A national insurance trade group has filed an amicus brief urging the U.S. Supreme Court to overturn the cases of Safeco Insurance v. Burr and Geico General Insurance v. Edo, which said insurers acted in willful disregard of the law by not sending out adverse action notices whenever a consumer’s credit information did not result in the consumer receiving the best possible rate.

According to the suburban Chicago-based Property Casualty Insurers Association of America, these cases involve a ruling from the 9th Circuit Court of Appeals which took the very unusual step of withdrawing and issuing an opinion three times on this matter.
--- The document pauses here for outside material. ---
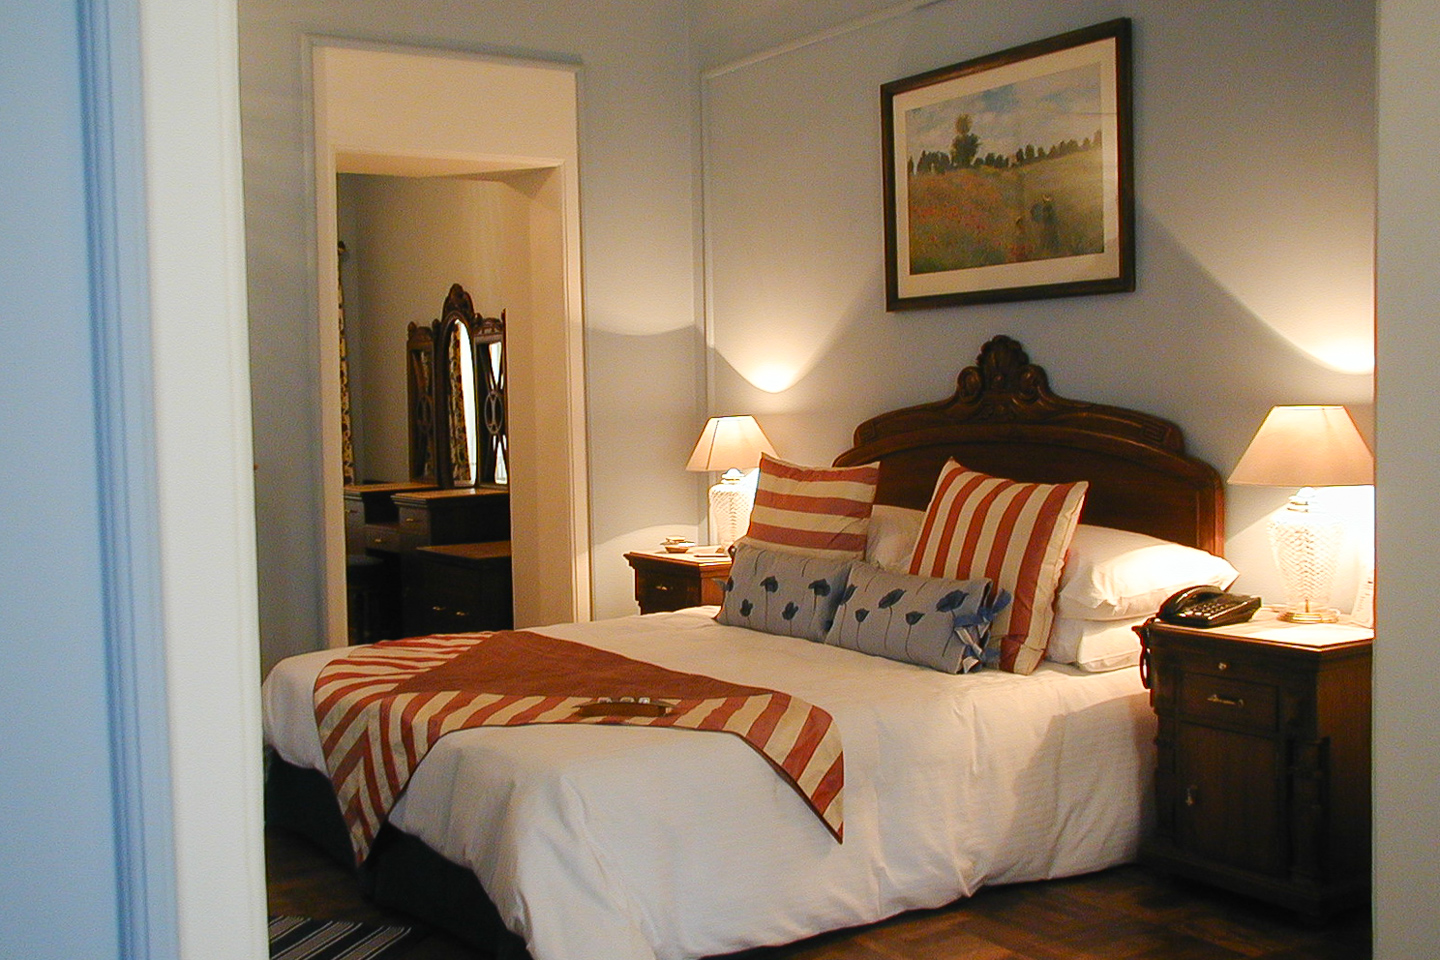 The blue guest room has pale blue walls with white highlights.

While the 9th Circuit did not materially change its ruling, ultimately it did moderate its position on the issue of willful disregard.
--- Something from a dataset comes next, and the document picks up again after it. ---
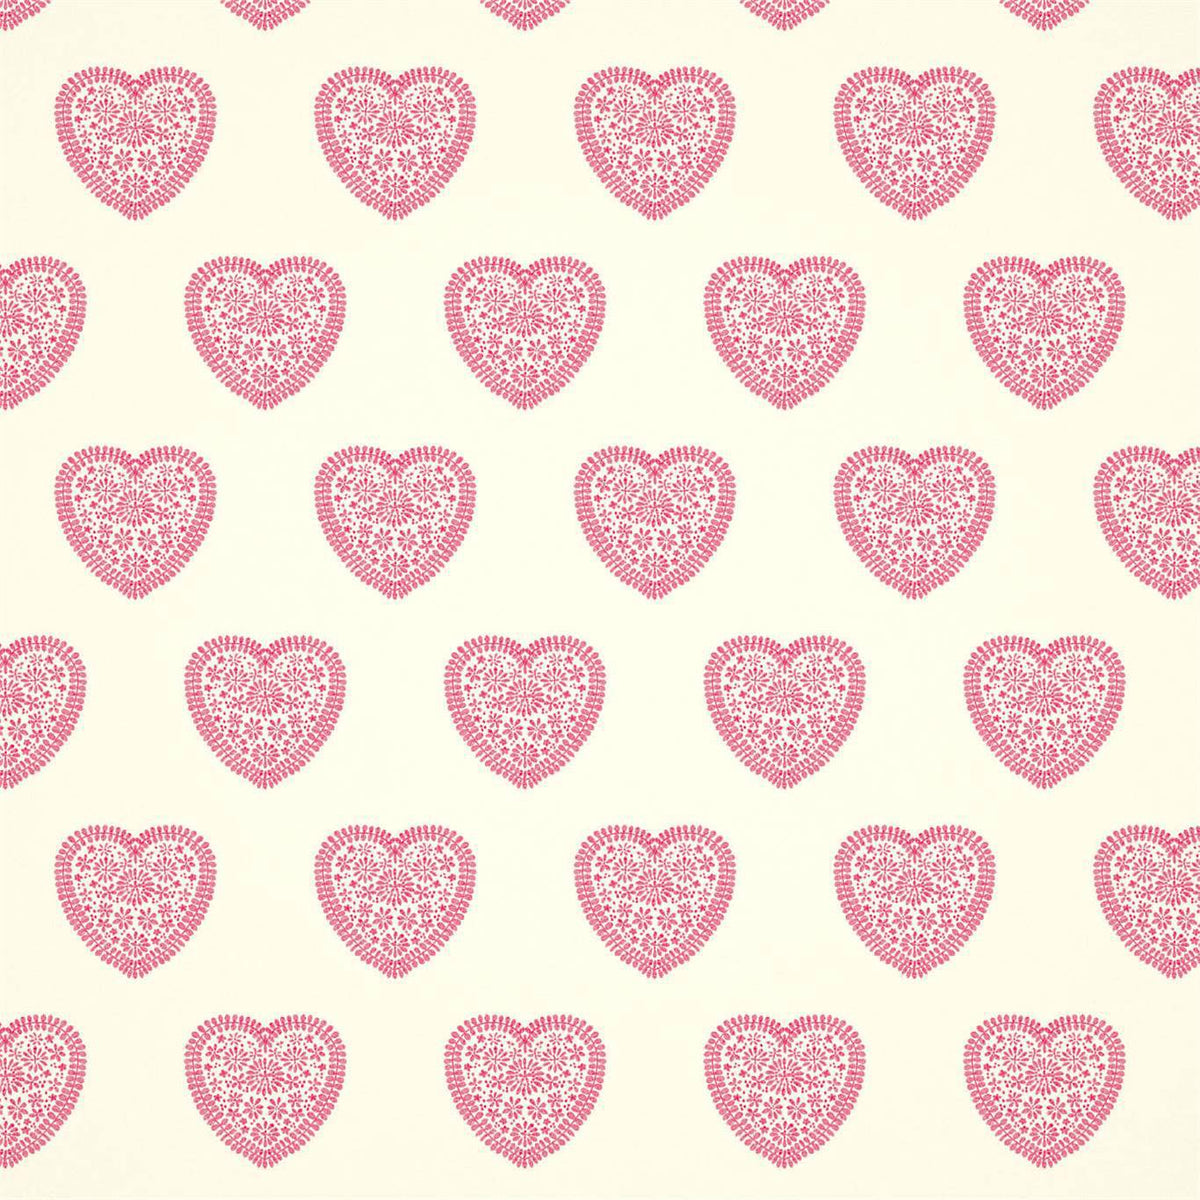 Sweet Hearts - Pink

The 9th Circuit held that the Fair Credit Reporting Act’s (FRCA) adverse action notice is required whenever a company uses credit information in determining the insurance rate applied, and the consumer did not receive the lowest rate. Additionally the court maintained that every company, within a family of companies that accessed the credit information must send the consumer an adverse action notice. The only part of this third opinion that was different from the previous two was the application of willfulness.

The court held that “if a company knowingly and intentionally performs an act that violates FCRA, the company will be liable for willfully violating consumer rights and [that may] constitute reckless disregard for the law.” The court’s opinion differs from the previous decisions in that in some cases the court must look at “specific evidence as to how the company’s decision was reached, including the testimony of the company’s executives and counsel.”

“We strongly disagreed with the lower court’s ruling that these companies acted in willful disregard of the law,” said Kathleen Jensen, senior legal counsel for PCI. “The 9th Circuit used a very low standard for determining willful disregard of the law, and that lower standard could open the door to increased litigation and substantial penalties for insurers.”

Jensen added that, it is PCI’s opinion that the 9th Circuit imposed a new set of rules for notice requirements that conflict with the FCRA statute and runs counter to previous court decisions. The 9th Circuit’s ruling has caused confusion because it was inconsistent with other courts around the country.